Il giorno dopo la richiesta di pena, prosegue la maratona del maxiprocesso Rinascita Scott, con l’avvio delle arringhe difensive. Il primo a prendere la parola, l’avvocato Paride Scinica, difensore di fiducia di Giuseppe Mancuso (figlio di Giovanni Mancuso, secondo gli inquirenti una sorta di ministro delle finanze dell’omonimo clan di Limbadi, non imputato), per il quale il pool di Nicola Gratteri ha chiesto una condanna a 20 anni di reclusione. L’arringa si è aperta con un gesto di cavalleria processuale da parte del penalista (che assiste anche il presunto capo del Crimine di Vibo Valentia, Luigi Mancuso, la cui posizione è stata stralciata dal maxiprocesso per confluire ed essere definita nel parallelo procedimento Petrolmafie), il quale ha espresso un attestato di apprezzamento per l’equilibrio, l’impegno ed l’ammirevole contegno mantenuto dal collegio giudicante presieduto dal giudice Brigida Cavasino e completato dalle colleghe Claudia Caputo e Germana Radice.

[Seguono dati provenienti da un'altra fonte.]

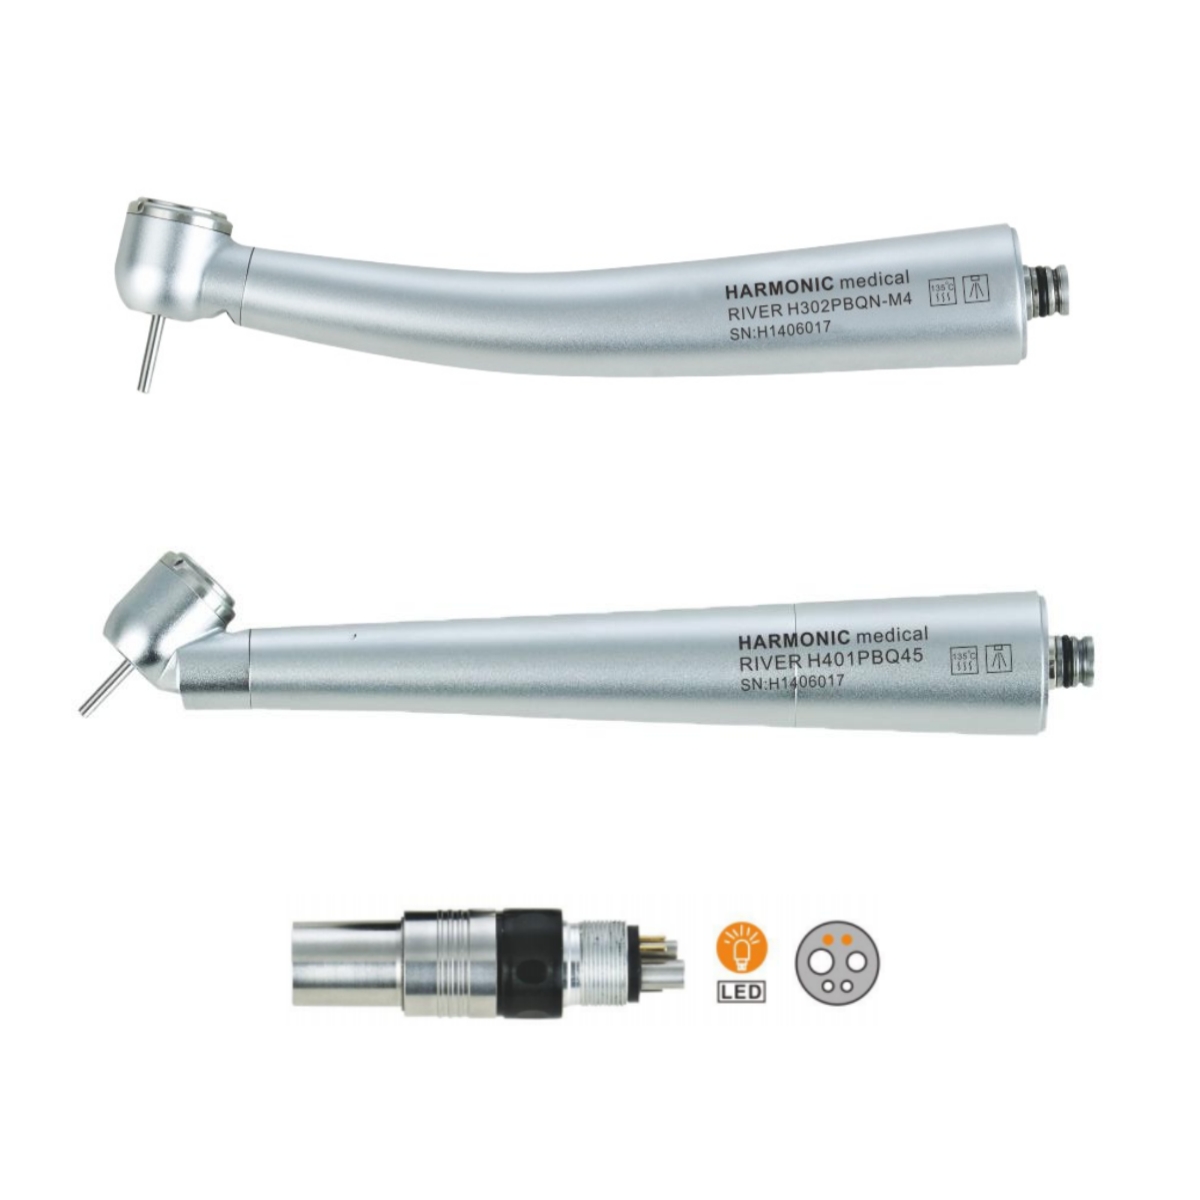 NSK coupling handpieces dental series

Un attestato che segue quello, altrettanto significativo, espresso dall’avvocato Giovanna Fronte, difensore di più parti civili, alle cui conclusioni, pronunciate a margine delle richieste di pena, hanno assistito fino al termine tutti i componenti del pool dell’accusa. «Tre giudici, tre donne esemplari», ha ribadito l’avvocato Fronte, evidenziandone la costanza e l’impegno nel sostenere udienze fiume, fino a cinque settimanali, talvolta durate ben oltre dodici ore. Parole che a loro volta hanno fatto eco a quelle dello stesso procuratore Gratteri che proprio al collegio giudicante ha riconosciuto il merito di aver portato alla discussione in soli due anni e mezzo «un processo contro il quale in troppi facevano il tifo affinché non si celebrasse».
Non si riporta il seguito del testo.